Patricio and Eduardo don’t know what they’re heading into when they decide to take a break and find an open restaurant. The night is ominously quiet, and there are few people on the street. When one of our intrepid pair notices a “smell like dead cows,” you know trouble is coming with a big capital T.

He also notices two ladies hanging out on the street with that coy and come-hither look. The inevitable co-mingling follows, and soon the boys are mixing it up with the girls. Even the hint of boy-girl interaction in a horror film means excruciating death, so you know that big capital T is moving closer.

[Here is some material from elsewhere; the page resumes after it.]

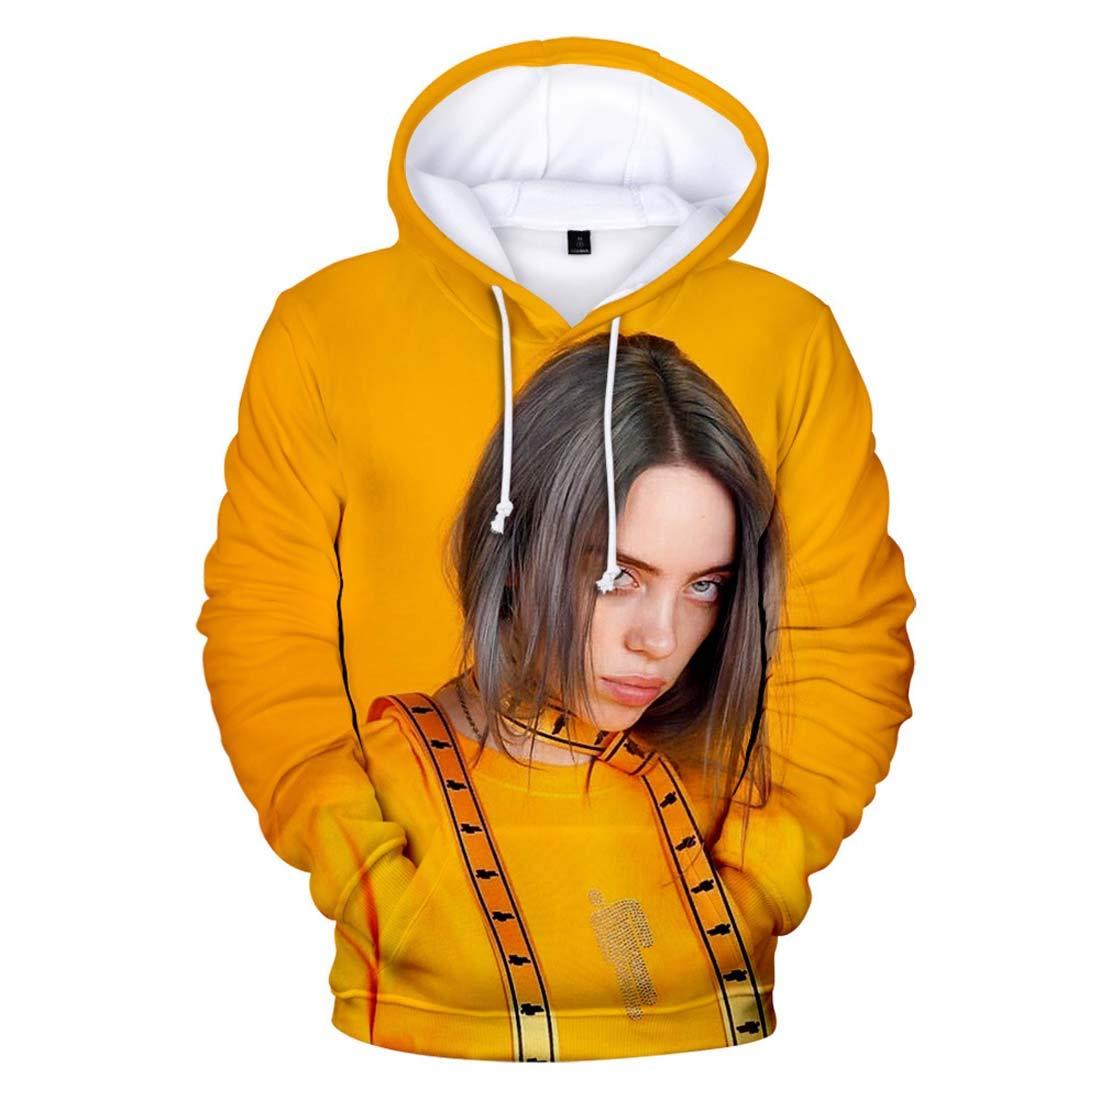 Flyself Unisex Billie Eilish Fans Felpa con Cappuccio Stampata 3D Hip Pop Cool Pullover Instagram Sweatshirt Streetwear per Uomo Donna Teen
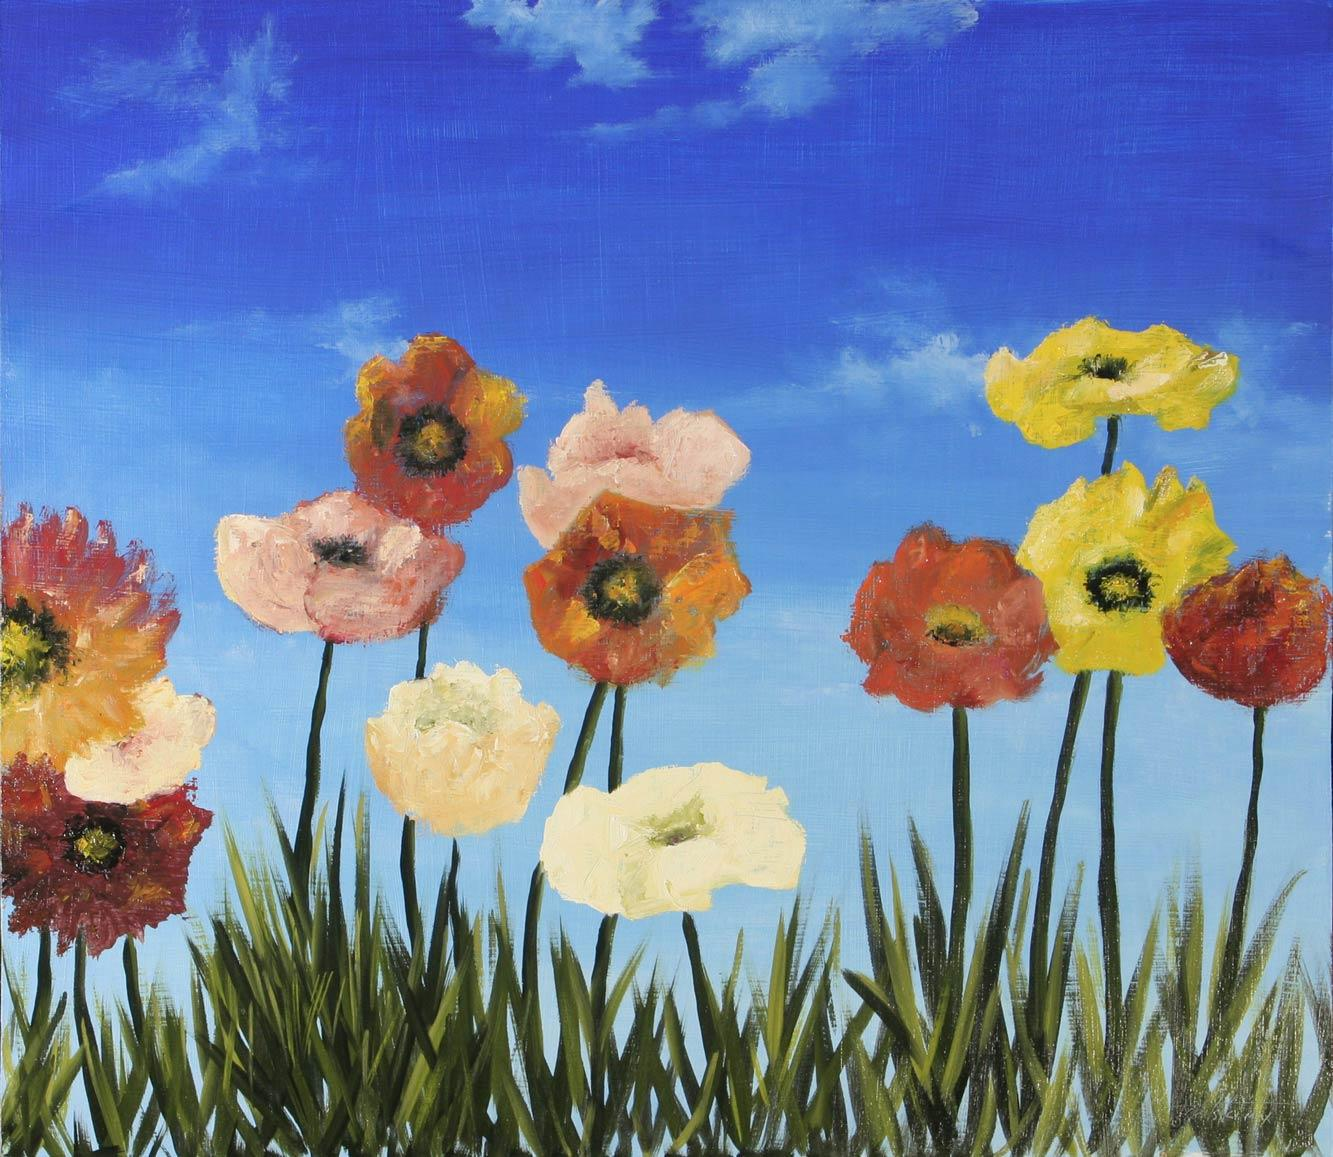 Flowers oil painting fine arts gallery original fine art oil flowers oil painting on hdf by artist darko topalski izmirmasajfo

But director Forte mixes it up a bit, too. He plays it slow as the mixer winds up at the ladies’ apartment. Chit-chat, a little game-playing, and nonchalant events ante-up the tension a little bit at a time. Our frisky pair of guys don’t quite get it at first, but we do. There’s that scene with them chatting around the table and one of the girls goes to the fridge. As she opens the door, Eduardo, the more level-headed one, notices something odd on one of the shelves; but it doesn’t quite register. Then there’s that bizarre syphilis discussion between Eduardo and one of the girls as she shows him her creepy doll collection with Mrs. Death Is the Prostitute, her favorite. And just what the heck is going on with the lights? They keep flickering on and off; and even when they stay on they make the rooms in the apartment more ominous-looking. All this oddity, mixed with the grainy texture of the film, makes us begin to feel Eduardo’s unease as he tries to persuade his friend to leave; but Patricio is hot-to-trot.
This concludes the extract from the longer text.